We read with interest the case reported by Weber-Carstens et al. [1] of a woman with longstanding idiopathic pulmonary arterial hypertension who presented with severe polytrauma. Her admission was complicated by critical hypoxia and severe acute-on-chronic pulmonary hypertension resulting in acute right heart decompensation. During this life-threatening phase, the authors report that the benefits of standard combination therapy in reducing right ventricular afterload were short-lived in the face of worsening hypoxia. Recent work from our group and others has introduced the possibility that intravenous iron may provide additional benefit in this setting.

In healthy iron-replete men studied over 1 week at high altitude (equivalent to sea level FiO2 ~0.12) we found that established hypoxia-induced pulmonary hypertension was significantly reversed by a single 200 mg dose of intravenous iron sucrose [2]. This effect was evident within 4 h of infusion—rapid enough to be of possible benefit in offloading the right ventricle in the acute clinical setting. We also studied patients with chronic mountain sickness over 1 month at high altitude and found that depletion of iron by venesection was associated with worsening pulmonary hypertension despite a large reduction in haematocrit (although this effect was not immediately reversed by subsequent iron infusions) [2].

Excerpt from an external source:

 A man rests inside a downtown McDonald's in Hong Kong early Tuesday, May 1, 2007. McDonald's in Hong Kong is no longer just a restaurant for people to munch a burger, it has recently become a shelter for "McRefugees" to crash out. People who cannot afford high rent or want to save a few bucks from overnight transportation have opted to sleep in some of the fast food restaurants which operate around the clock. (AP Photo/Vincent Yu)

This work was preceded by an 8-h laboratory study of healthy iron-replete volunteers in which the increase in pulmonary arterial pressure caused by hypoxia was blunted by prior intravenous infusion of iron sucrose (200 mg), while the pulmonary vascular response to hypoxia was enhanced by reduction of iron availability with desferrioxamine [3]. The dose of iron used in these studies is small relative to total body iron stores (approximately 4 g), and current intravenous formulations such as iron sucrose are very safe.

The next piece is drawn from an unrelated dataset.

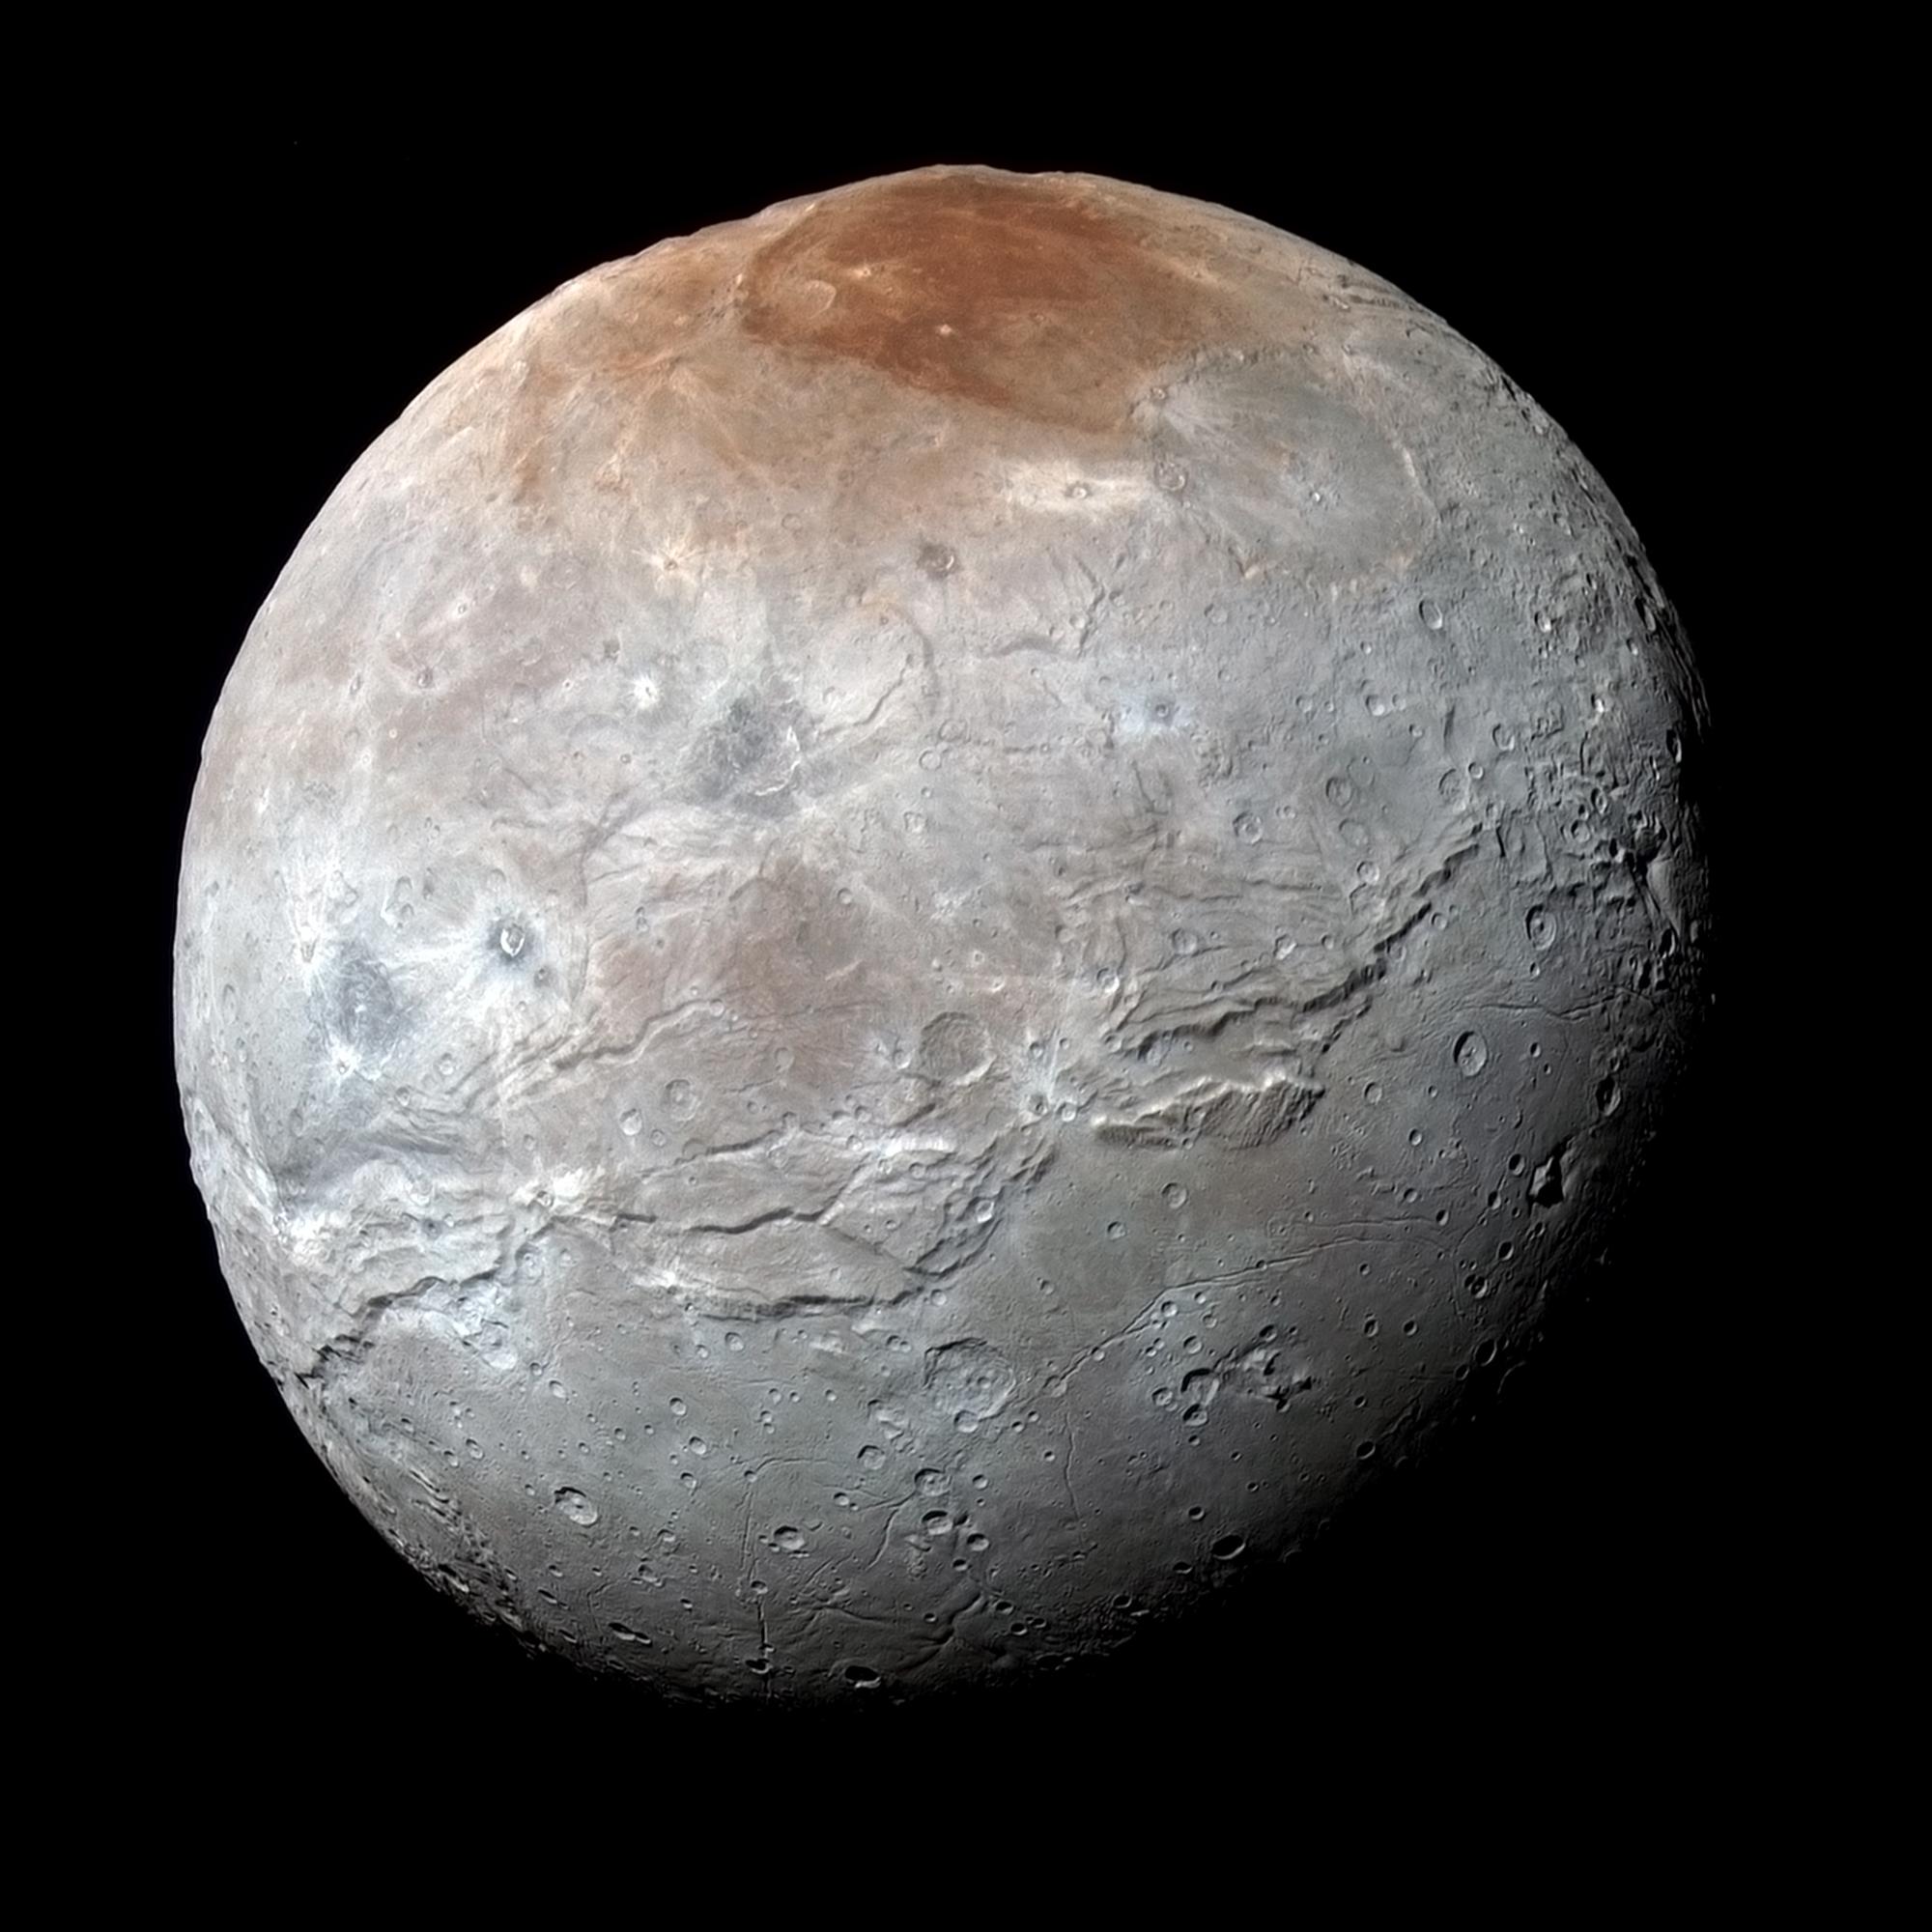 Enhanced color image showing surface details of moon Charon.

These studies indicate that hypoxic pulmonary hypertension can be attenuated by increasing iron availability and exacerbated by decreasing iron availability. This interaction between iron, hypoxia and the pulmonary circulation is consistent with known effects of iron on the hypoxia-inducible factor (HIF) family of transcription factors and involvement of HIF in regulating cardiopulmonary physiology [2, 3, 4]. Studies from several centres have subsequently confirmed a link between iron status and idiopathic pulmonary arterial hypertension, demonstrating that iron deficiency is unexpectedly common in this disease and independently worsens morbidity and mortality (recently reviewed by Rhodes et al. [5]). Two European studies investigating the use of intravenous iron in pulmonary arterial hypertension are now underway [5].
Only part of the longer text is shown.